FTX rolled out its first spot market this week, a standard BTC/USD orderbook. On the right hand side of FTX’s futures markets you’ll find an informational box displaying things like leverage and collateral. That obviously doesn’t apply to spot markets; and so instead you’ll see a box with basic information about your balances, and buttons to deposit, withdraw, and convert your BTC and USD:
I think it’s a pretty cool box: you have the ability to manage your BTC and USD balances right on the BTC/USD market page. It’s not really anything revolutionary, but I think it’s a good feature.
The thing I want to highlight about the spot market info box, though, has less to do with what it has and more about where it came from. For a while “spot markets” was a card on our FTX Asana board. We rolled them out last night, and until then I’d never seen the spot market page UI; in fact no one had except the dev working on it. There wasn’t any “try adding buttons to withdraw, deposit, and convert the coins” comment on the Asana card, or any spoken conversations about what a cool feature would be; it just happened. And again, this isn’t going to make or break the exchange. But it’s clearly a good feature, and it’s also a feature that relies on an understanding of what sorts of things a trader would like to be able to do when looking at a market. And it didn’t require any prompting or input from a trader.
This sort of thing happens all the time at FTX. Asking for ‘an automated OTC portal’ was enough to get something remarkably similar to the current FTX OTC system, complete even with a good suggestion of the initial set of parameters to price it with. Suggesting a leaderboard was enough to get a leaderboard along with a few creative solutions we’ll be rolling out soon, and our upcoming mobile app’s UI is being designed without the need for any trader management.
None of this is that surprising, though, because it’s been happening for years at Alameda. Suggesting a lower latency trading system was enough to get, well, a lower latency trading system; bots were later redesigned to operate independently on time scales too fast for them to communicate while still remaining in synch with each other. Managing margin can be really complicated on many exchanges–some have as many as 50 different margin wallets that aren’t fungible with each other! But one day a system was designed to manage this process in a reasonable way, saving hours per day of manual effort.
I think one of the keys to our technology is that the people writing the code actually understand the product they’re building. This is commonplace in some startups building systems for everyday use but it’s really tricky when building products (exchanges, trading systems, etc.) that most people have no experience with. We put a lot of time into communication between our different teams to make sure that our employees have as much of the picture as possible when making decisions. There’s a cost to this, obviously: it makes it much harder to outsource our work! But the advantage is that it helps us build the systems we want the first time. I like to think it’s something that permeates FTX: a withdrawal system that doesn’t suck; a straightforward API with sufficient ratelimits; a clean, efficient wallet and margin system; and tokens that can automatically manage margin for you.

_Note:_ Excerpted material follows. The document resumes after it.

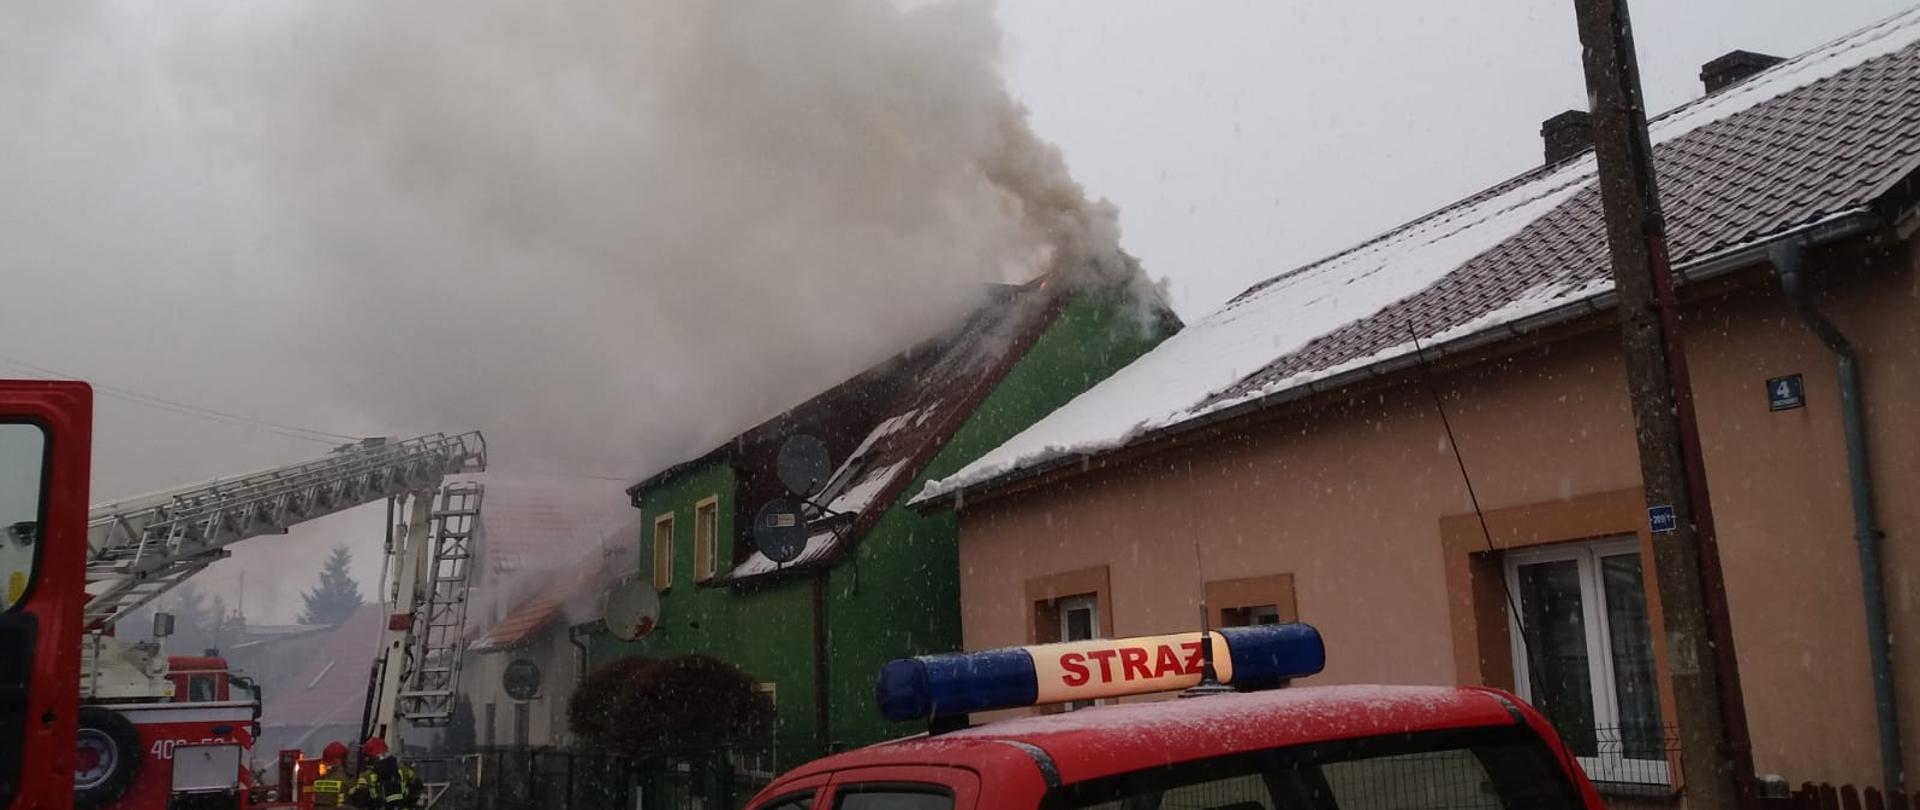 Zdjęcie przedstawia pożar dachu budynku mieszkalnego. Z dachu wydobywa się dym. Po lewej stronie zdjęcia widać samochód pożarniczy koloru czerwonego oraz pracujących na miejscu ratowników.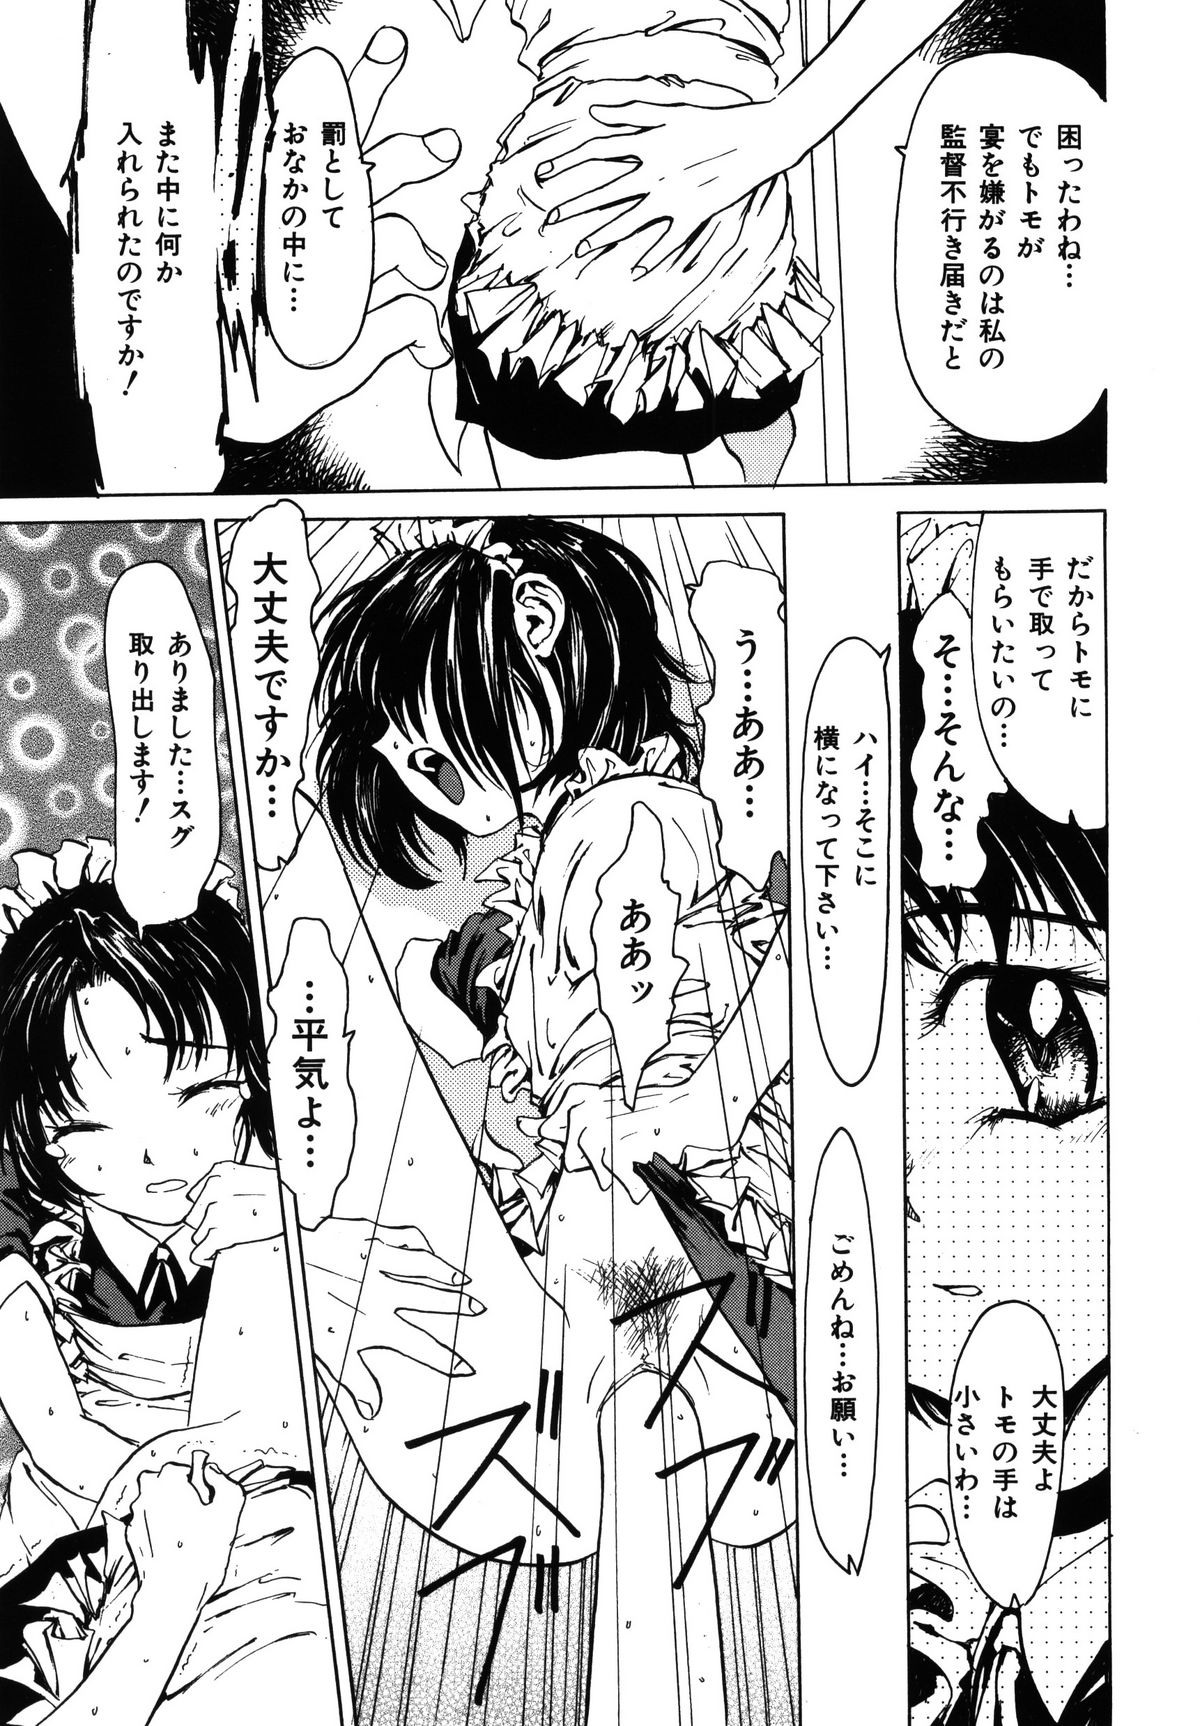 [Akai Nibura] Kayou wa niku no hi page 5 full

A lot of this traces back to Alameda’s founding in 2017. A handful of us were huddled up in a three bedroom apartment, trying to building a global trading firm in a few months. Some of us were trading around the clock; some were going from bank to bank, trying to find someone who was OK with crypto; and Gary, our CTO, was tasked with writing an entire quantitative trading firm’s software–from algorithms to front end UIs to trading systems to API connections–more or less autonomously. Our tech infrastructure has come a long way since then but in the end we were able to turn on a fully fledged system capable of trading multiple percent of all crypto volume after just a few months.
Another big part of this is that FTX culture doesn’t care about “points”. Employees aren’t valued for the number of tasks they complete or for how many times they agree with their boss. They’re valued for, well, the value they add. And this means that we all naturally take ownership for what we do and care about doing it well, not just getting it done.
And so it isn’t surprising that developers, traders, and operations staff with great ideas actually make them happen without instruction or overhead. It isn’t surprising that our devs, none of which came in with trading experience, soon become proficient in it out of their own interest to build the best systems.
And this is shockingly rare in crypto: the land of stuck withdrawals, dysfunctional matching engines, giant clawbacks, and coins that can take 24 hours to move. There are some other examples of products designed by people who know their shit; Bitfinex is a good example. But for every robust margin system there are three that require you to collateralize your BSV margin position with, well, BSV.
FTX will never be perfect–no platform is. But we strive to keep improving, to keep rolling out new, innovative products, and to keep responding to feedback: if there’s a feature you really want to see, probably others do too. We’re really grateful for all of the support FTX has received from the cryptocurrency community; and as long as you keep giving us the chance to revitalize the exchange industry, we’ll never stop pushing forward.